= Dataset extract =

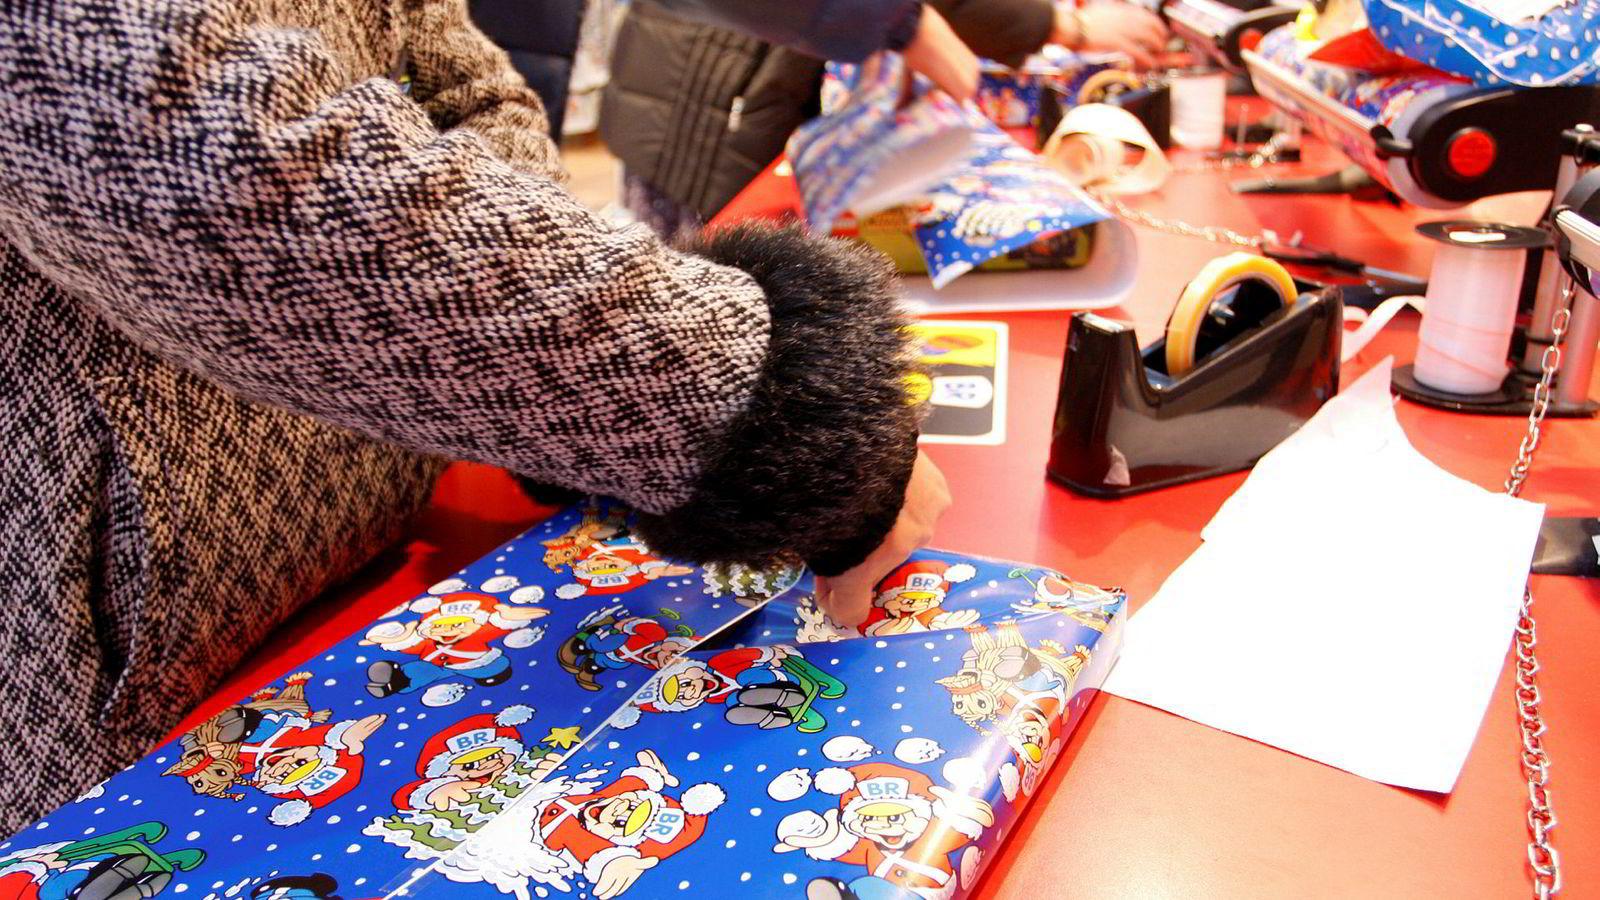 Nordmenn på jakt etter de siste julegavene sørget for at omsetningen i varehandelen økte med nær 29 prosent i uke 51, sammenlignet med foregående uke.
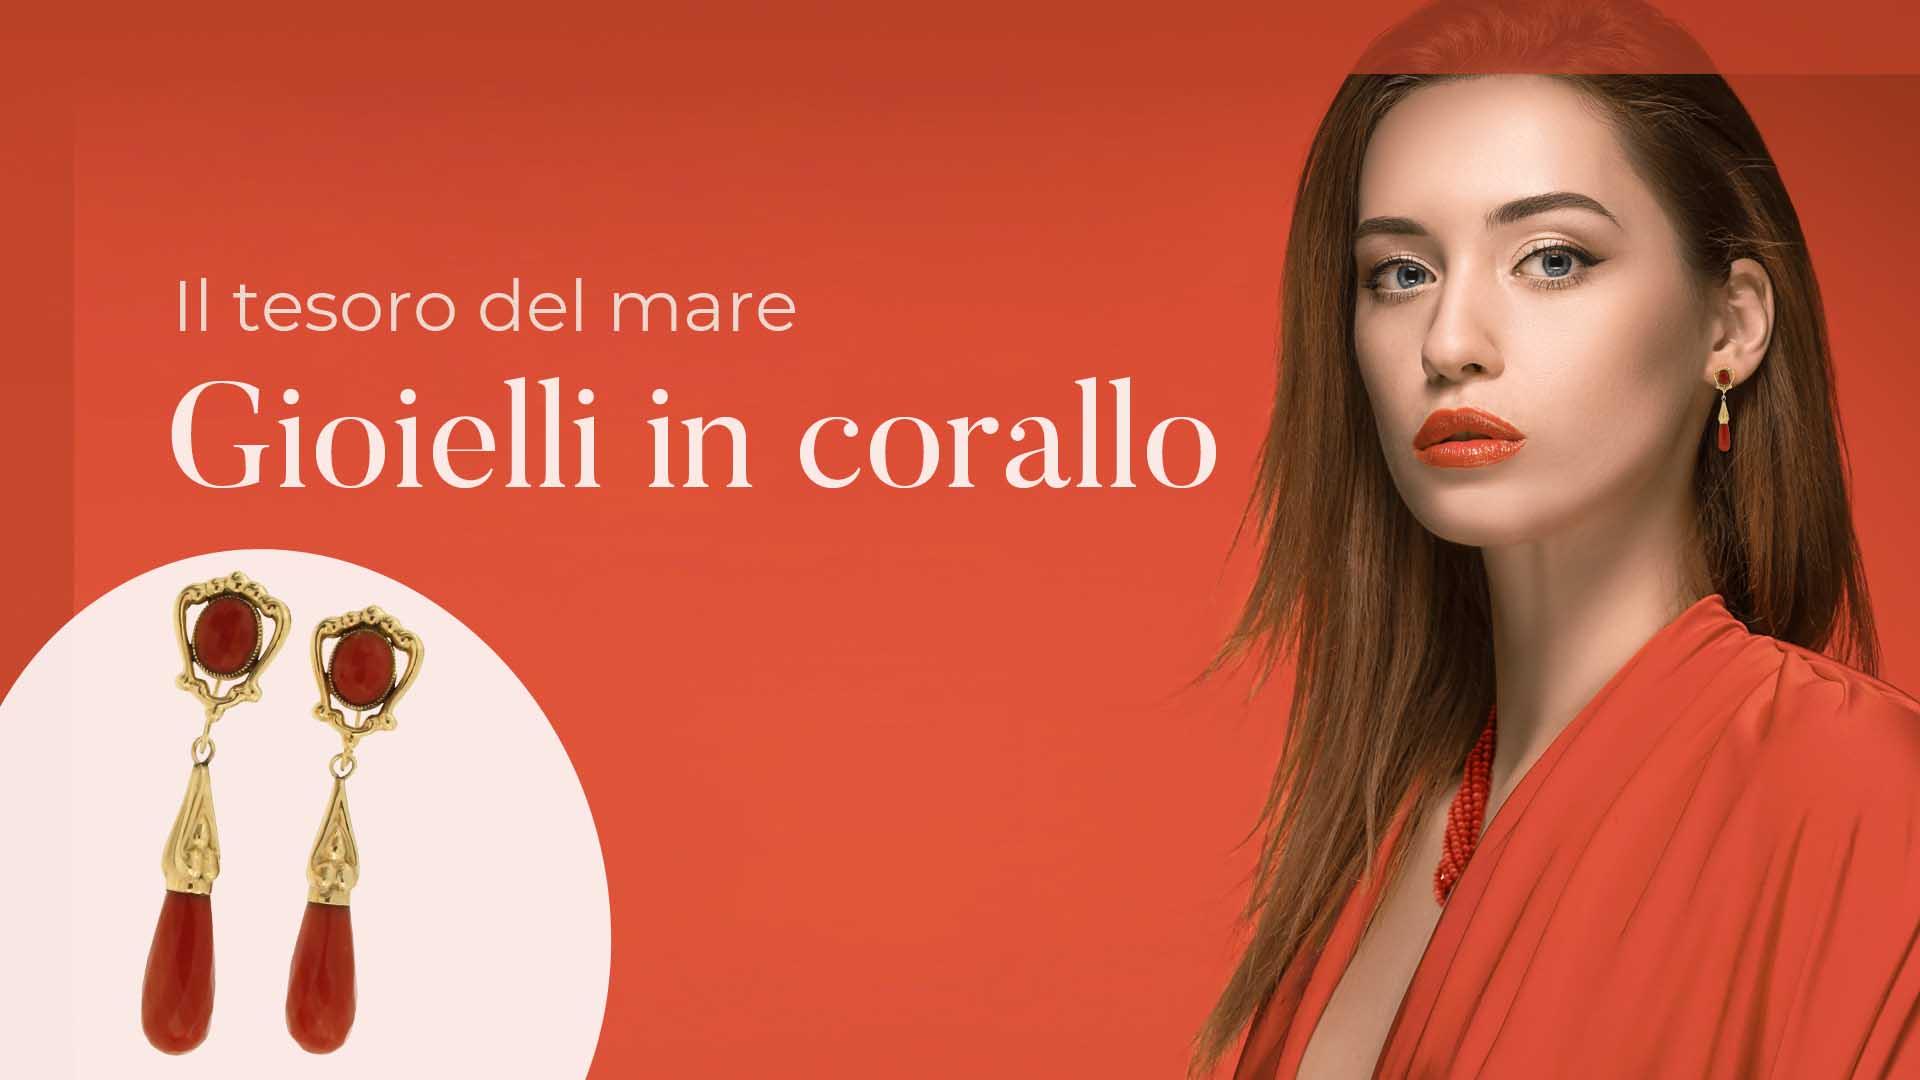 modella vestita di rosso che indossa gioielli in corallo
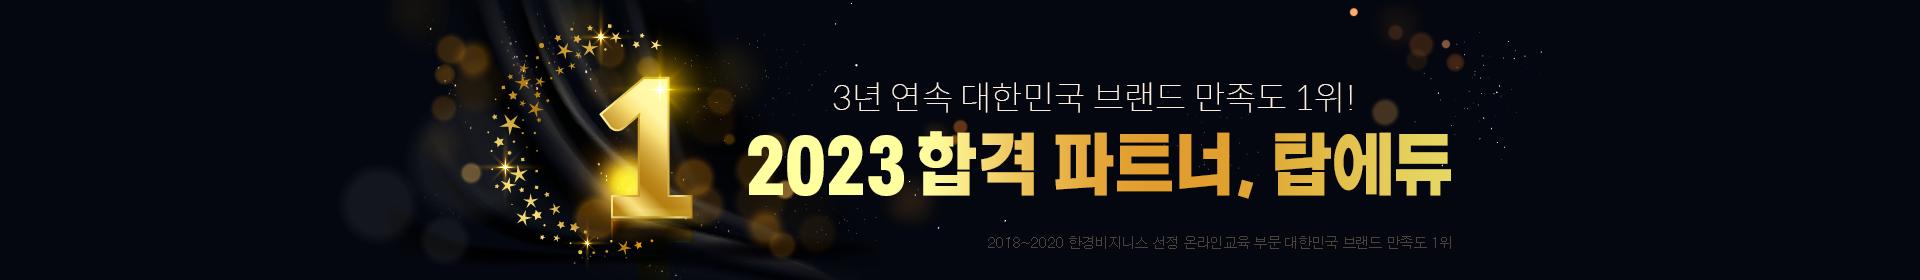 2018-2019 2년 연속 수상, 대한민국 브랜드 만족도 1위
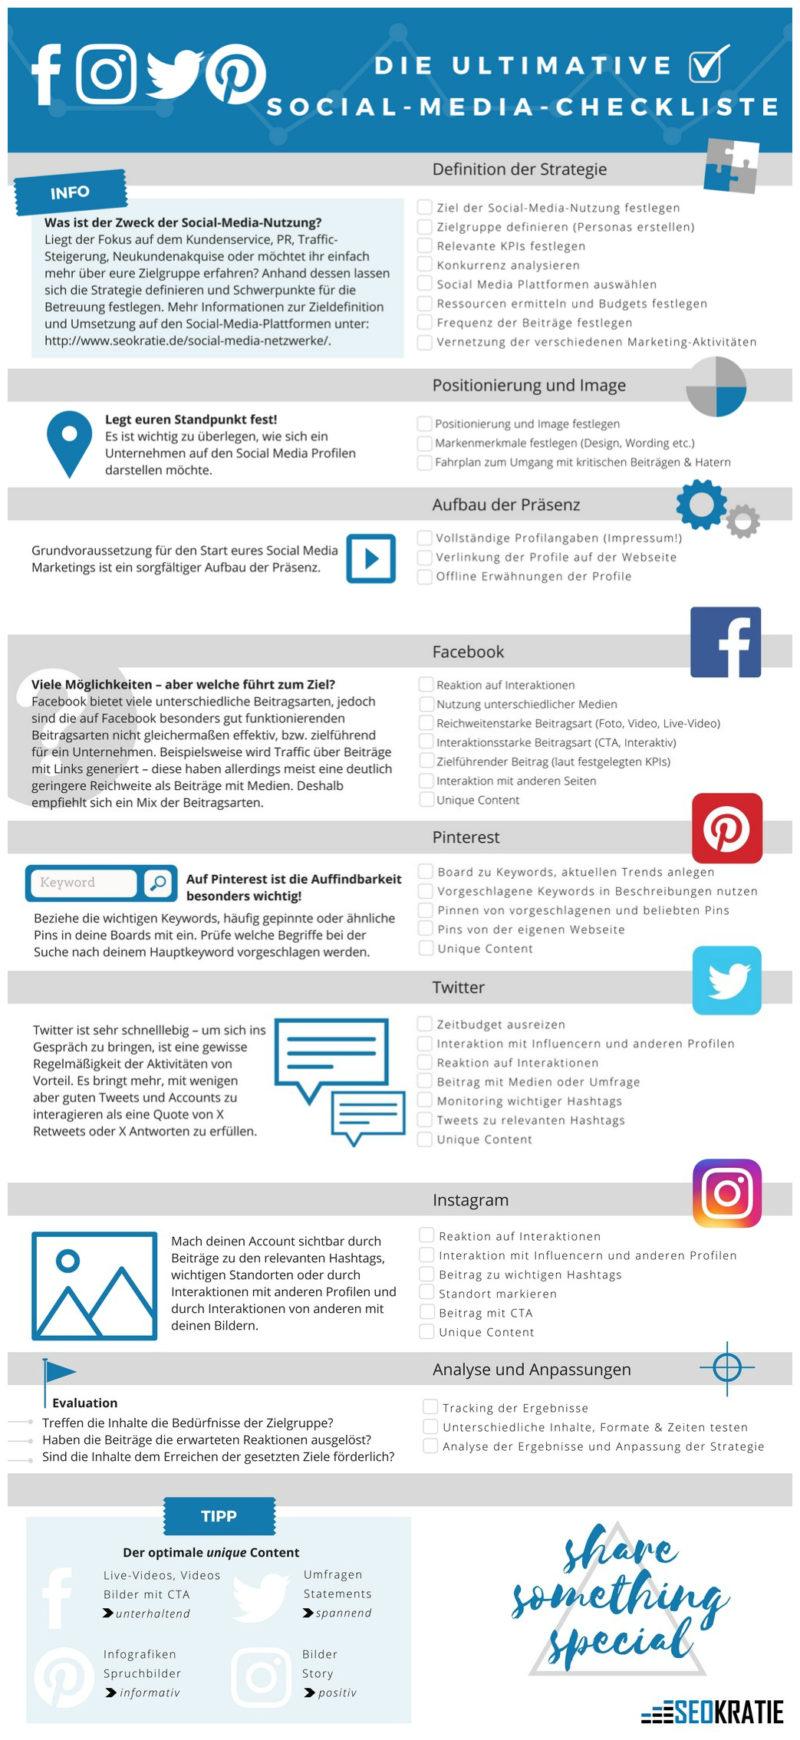 Umfassende Social Media Checkliste zur Strategie, Aufbau, Analyse und Inhalte für Facebook, Instagram, Twitter und Pinterest

= Exercise objective =
For this exercise, reproduce the data above exactly from the line containing "2018-2019 2년 연속 수상, 대한민국 브랜드 만족도 1위" through its final line, both ends included, with no pictures in the copy.

= Your response =
 2018-2019 2년 연속 수상, 대한민국 브랜드 만족도 1위
 Umfassende Social Media Checkliste zur Strategie, Aufbau, Analyse und Inhalte für Facebook, Instagram, Twitter und Pinterest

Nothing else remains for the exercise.